日本は、アジアやインド太平洋地域の志を同じくする国々と、情報や諜報を含む安全保障協力を深めている、と志方典之内閣広報官は電子メールで述べた。

インド外務省はコメントを控えた。韓国、オーストラリア、フィリピン、ベトナムの各政府は、コメントの要請に応じなかった。

ロイド・オースティン米国防長官との会談で、木原稔防衛相はアメリカの協力を得て、情報保護とサイバーセキュリティ能力を抜本的に向上させることを誓った。

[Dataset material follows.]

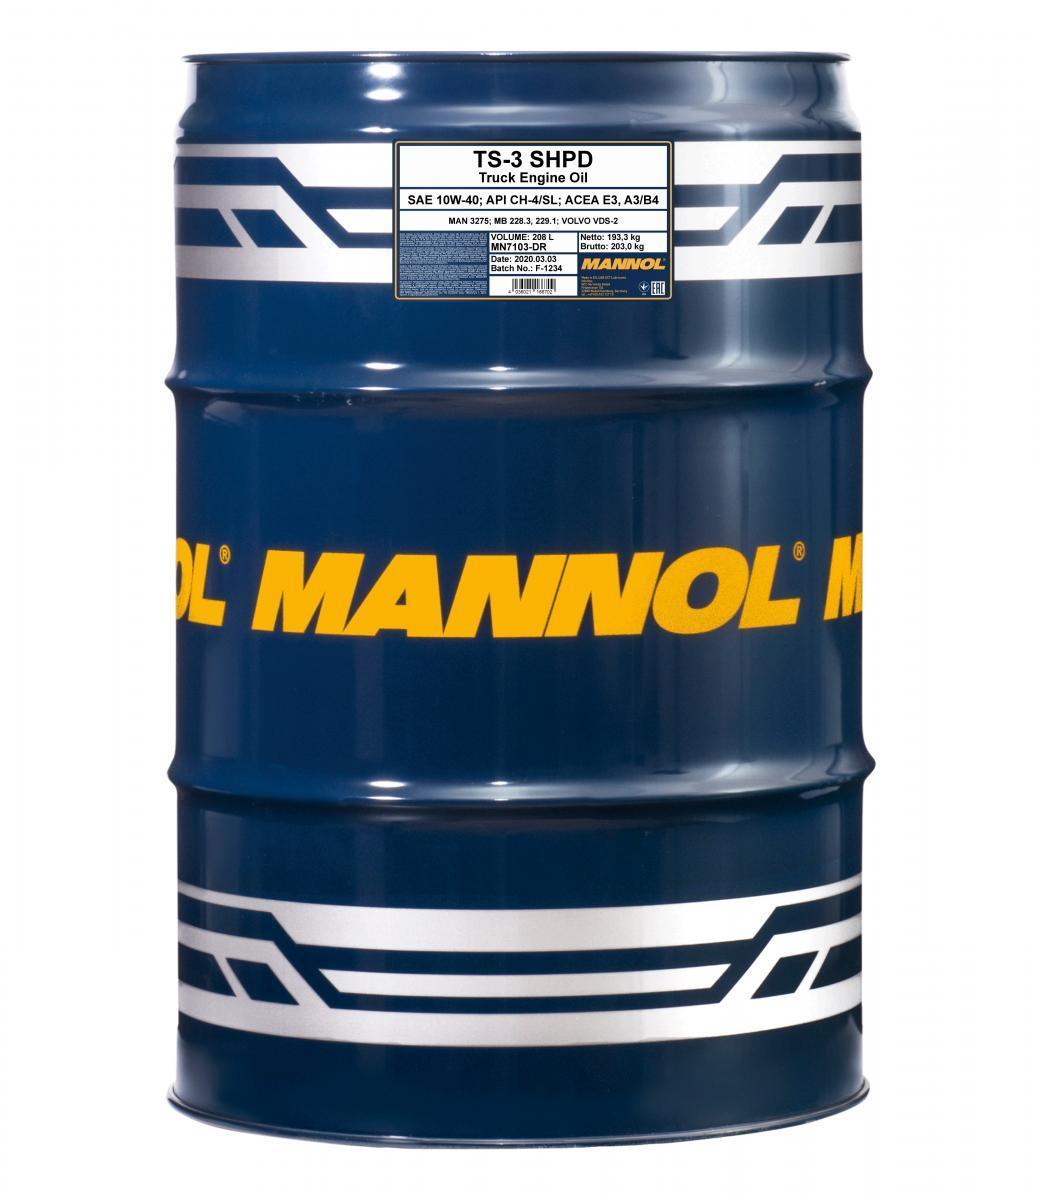 MN7103-DR MANNOL TS-3, SHPD 10W-40, 208l Motoröl MN7103-DR günstig kaufen

それでも障害は残っている。少なくとも、米国自身の秘密保持能力に対する疑問があるからだ。司法省は4月、ロシアのウクライナ侵攻に関する戦場での機密データや、米国が韓国などの同盟国を盗聴していたことの暴露など、機密情報を違法に広めたとして、21歳の州兵飛行士ジャック・テイシェイラを起訴した。

このパートナーシップは、長い間アメリカの情報パートナーシップの要となってきた「ファイブ・アイズ」を補完するものだ。アメリカ、イギリス、カナダ、オーストラリア、ニュージーランドで構成されるこの非公式ネットワークは、近年その焦点を中国に移している。

ファイブ・アイズ諸国は、情報機関、国防省、外務省に浸透した当局者の親密なネットワークを通じて、何十年もの間、秘密情報を共有してきた。アジアの新興スパイ協定ははるかに新しく、ファイブ・アイズに匹敵するには時間がかかりそうだ。

ファイブ・アイズの優位性はかなり確立されているが、さまざまな問題に取り組み始めると、優先順位が違ってくる」とバイマンは言う。「中国にシフトすると、日本や韓国のような国々が、オーストラリアやニュージーランドのような地域のファイブ・アイズ・パートナーと並んで、より重要になる。